Perturbation Training for Human-Robot Teams

Authors: Ramya Ramakrishnan, Chongjie Zhang, Julie Shah

JAIR 2017 | Venue PDF | Archive PDF | Plain Text | LLM Run Details

Reproducibility Variable Result LLM Response
Research Type Experimental In this work, we design and evaluate a computational learning model that enables a human-robot team to co-develop joint strategies for performing novel tasks that require coordination. ... We empirically validate the benefits of Ada PT through comparison to other hybrid reinforcement and transfer learning techniques ... Results from large-scale human subject experiments (n=48) indicate that Ada PT enables an agent to learn in a manner compatible with a human s own learning process, and that a robot undergoing perturbation training with a human results in a high level of team performance.

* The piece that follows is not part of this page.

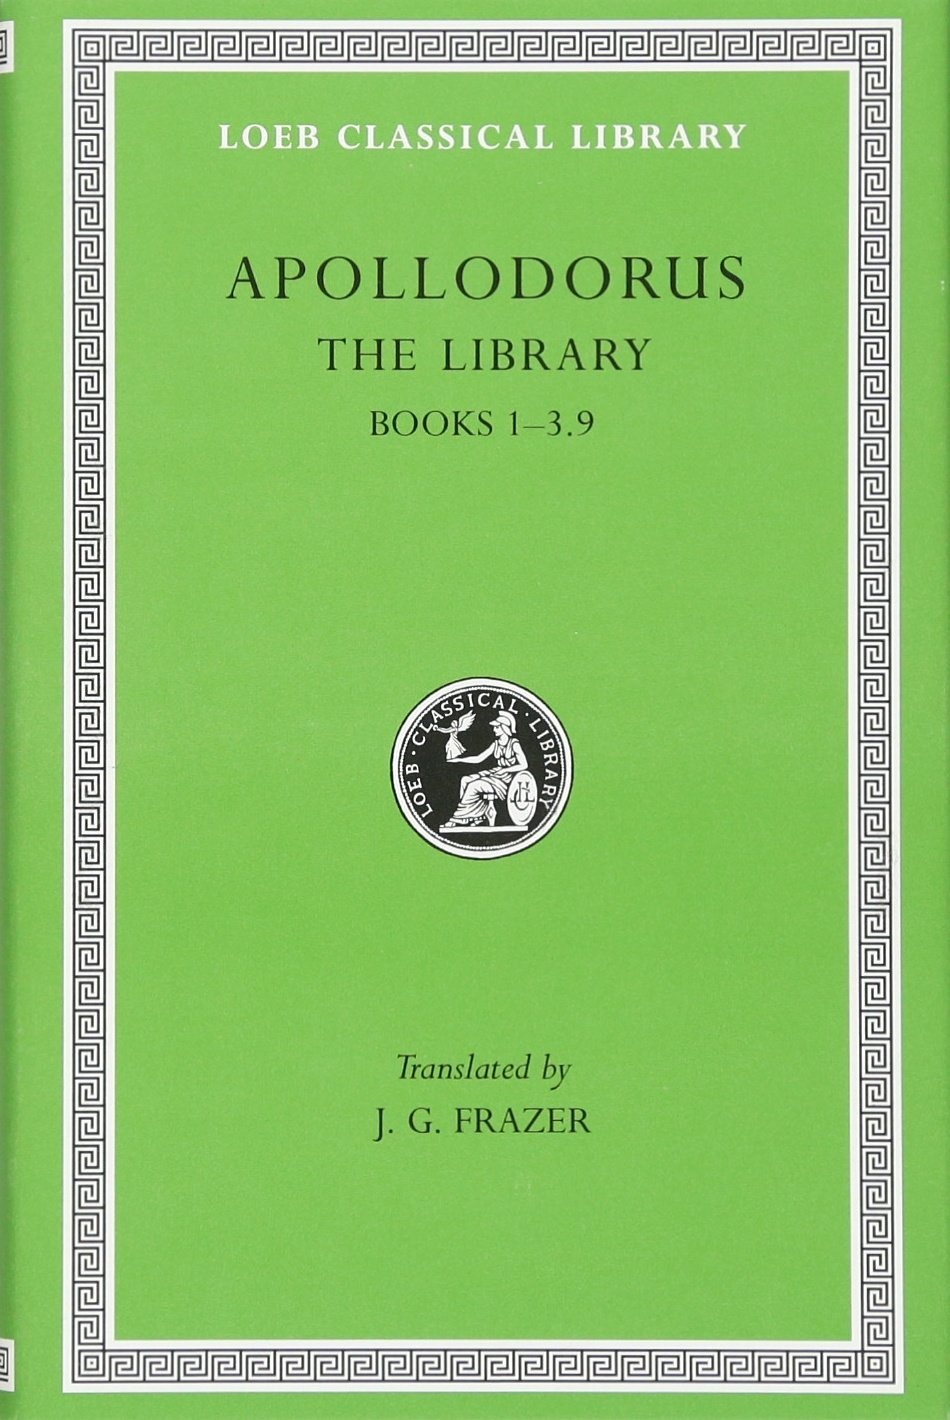 Apollodorus:  The Library, Volume I: Books 1-3.9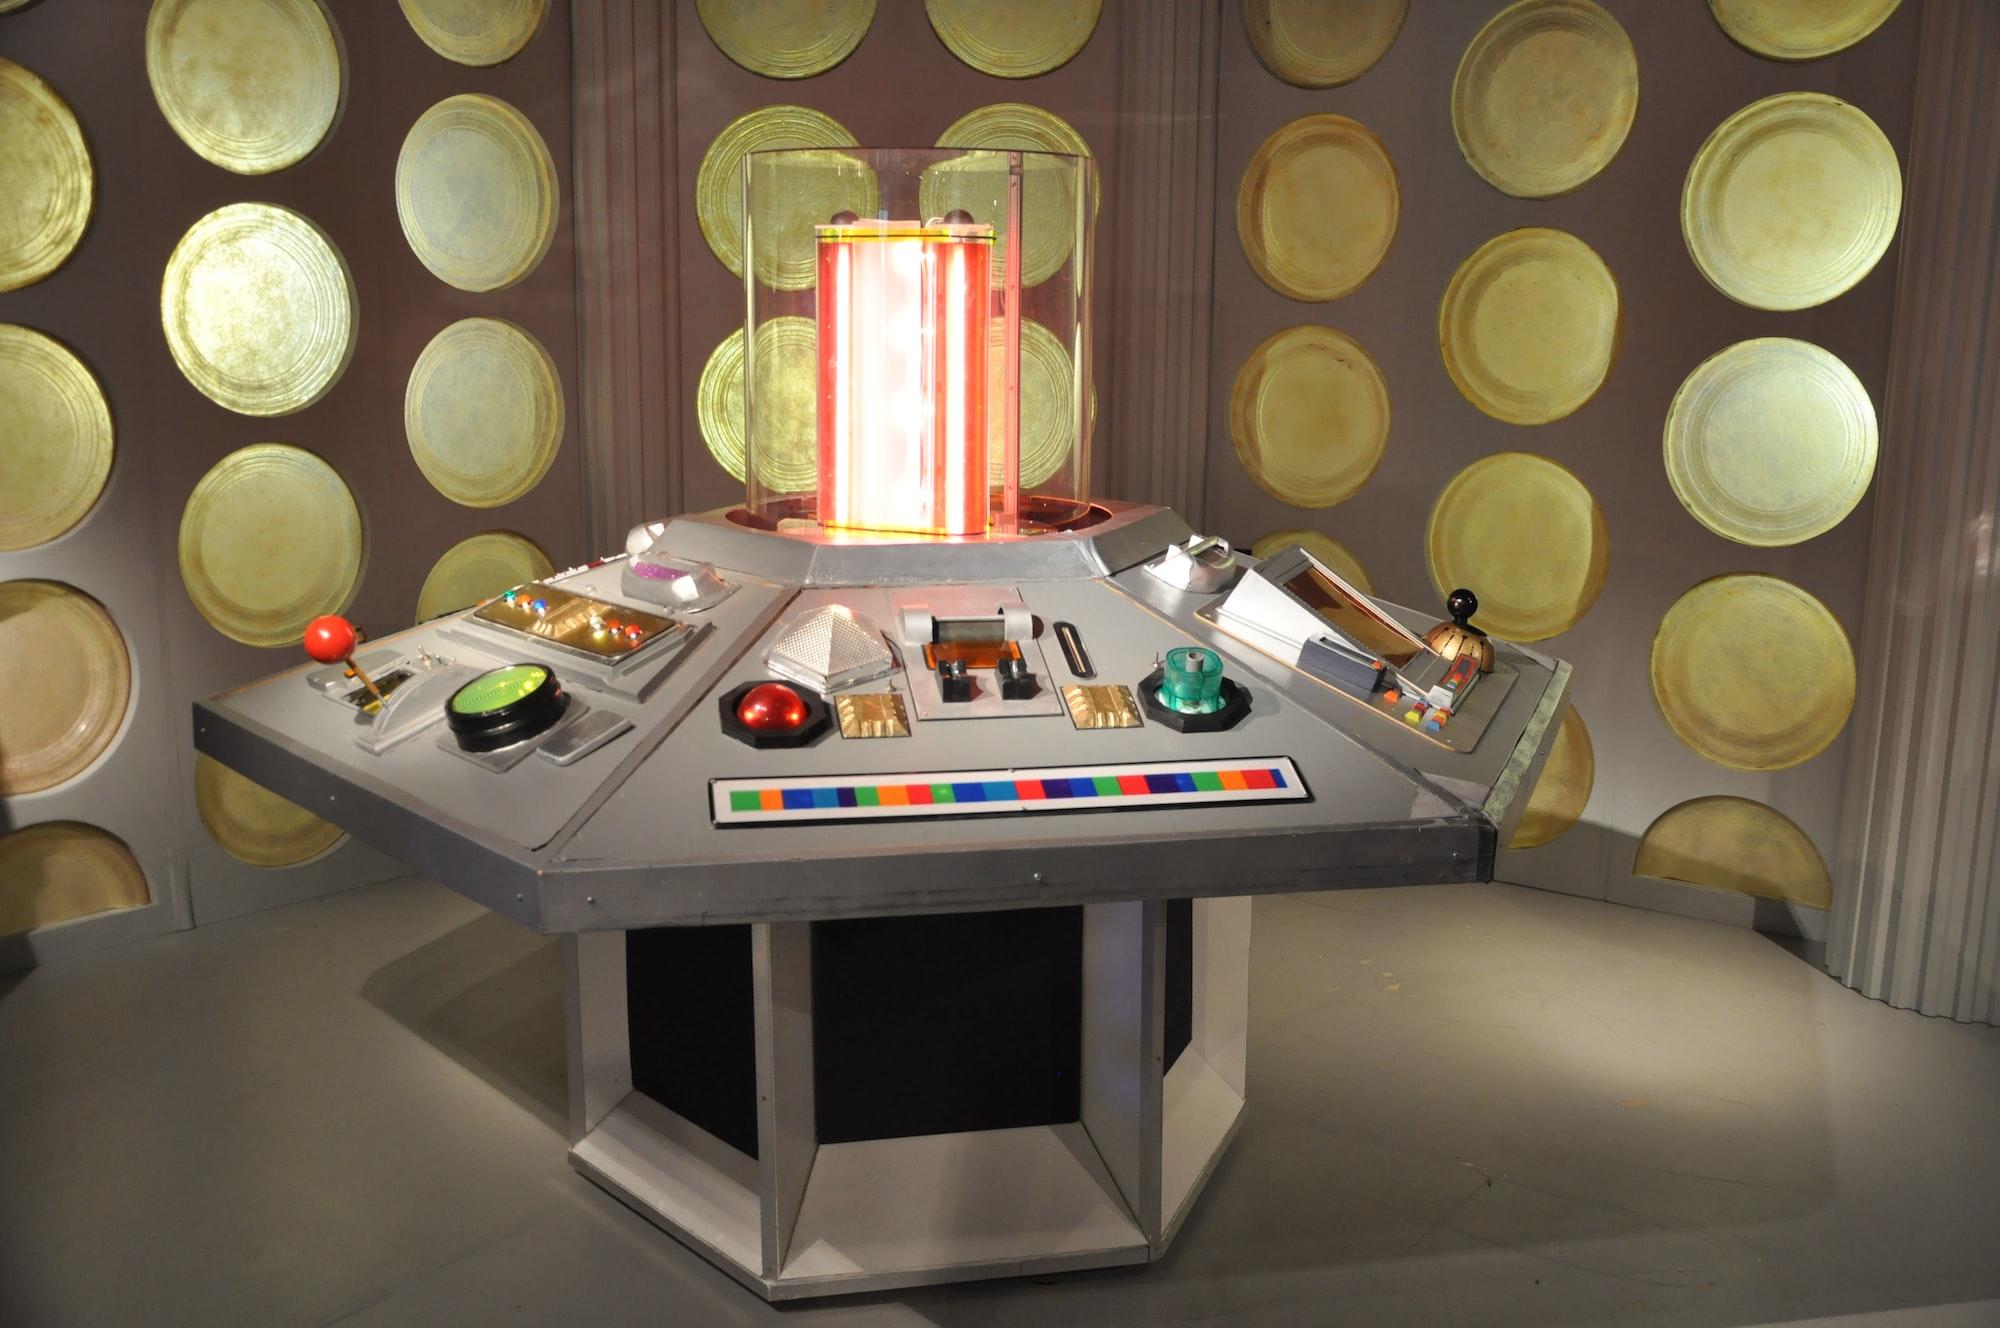 Stream Doctor Who Series 13 on BBC iPlayer

Finally, we demonstrate that humanrobot training using Ada PT in a simulation environment produces effective performance for a team incorporating an embodied robot partner.
Researcher Affiliation Academia Ramya Ramakrishnan EMAIL Massachusetts Institute of Technology 77 Massachusetts Ave, Cambridge, MA 02139 Chongjie Zhang EMAIL Tsinghua University 30 Shuangqing Rd, Haidian Qu, Beijing Shi, China Julie Shah EMAIL Massachusetts Institute of Technology 77 Massachusetts Ave, Cambridge, MA 02139
Pseudocode Yes Figure 3: The Adaptive Perturbation Training (Ada PT) algorithm takes as input a new task and a library of value functions learned from previous tasks, among other parameters. ... Algorithm: Ada PT (Ω, {Q1, ..., QN}, τ, τ, K, H, γ, α, ϵ) ... Figure 4: π-reuse is a subfunction of PRQL that executes one episode of the task (from initialization to goal state) by using the chosen past policy to guide the learning of a new value function. ... Algorithm: π-reuse (QΩ, Πpast, ψ, v, H, γ, α, ϵ) ... Figure 5: Update-QValues is a subfunction of Ada PT that executes one episode of the task (from initialization to goal state) and updates all Q-value functions to adapt to the new task. ... Algorithm: Update-QValues (Q1, ..., QN, c, H, γ, α, ϵ) ... Figure 9: The Human-Robot-Communicate algorithm provides a computational framework for the robot to make decisions when communicating with a person. ... Algorithm: Human-Robot-Communicate (< a h, a r >, ϵsugg, ϵacc, Q(s, ah, ar), Q(s, ar))
Open Source Code No The paper does not provide any explicit statement about releasing source code, a direct link to a code repository, or mention of code in supplementary materials for the methodology described.
Open Datasets No The paper describes custom-designed simulation environments for a "Fire Extinguishing Task" and a "Grid World Task" where state and action spaces are defined within the paper. There are no mentions of standard public datasets, direct links, DOIs, or citations to specific public dataset resources used for the experiments.
Dataset Splits No The paper describes experimental phases with different "task variants" for training and testing (e.g., "Perturbation teams trained together on three different task variants, two times each. ... The teams were then tested on three new variants of the task"), but it does not refer to static datasets with specific training/test/validation splits in terms of percentages, sample counts, or citations to predefined data partitions. The data is generated through interaction in a simulated environment.
Hardware Specification Yes Finally, we demonstrate in robot experiments with a PR2 (n=12 human-robot teams) that human-robot training using Ada PT in a simulation environment produces effective performance for a team incorporating an embodied robot partner. ... We recruited 12 participants from a university campus and assigned them all to the perturbation Ada PT condition. ... For the embodied robot experiments, the participants trained in simulation and then worked with a PR2 robot during three testing sessions, which were identical to those in the simulation experiments.
Software Dependencies No The paper mentions several algorithms and frameworks like Q-learning, PRQL, RBDist, and Google web speech recognition, but it does not specify any version numbers for these software components or other libraries used in the implementation.
Experiment Setup Yes In our experiments, we used γ = 1 to represent a finite horizon problem. Other parameters were initialized as follows: ϵ = 0.1, α = 0.05, τ = 0, τ = 0.01, K = 400,000 for training and 2,000 for testing, and H = 30. For PRQL, the additional ψ parameter was initially set to 1 and the v parameter to 0.95. For PRQL-RBDist, we used 5,000 data points of the form < s, a, s > for each task. ... Parameters for the Grid World task were initialized as follows: γ = 1, ϵ = 0.1, and α = 0.05, τ = 0, τ = 0.01, K = 1,000,000 for training and 5,000 for testing, and H = 30. For PRQL, the additional ψ parameter was initialized to 1 and the v parameter to 0.95. For PRQL-RBDist, we used 10,000 data points of the form < s, a, s > for each task.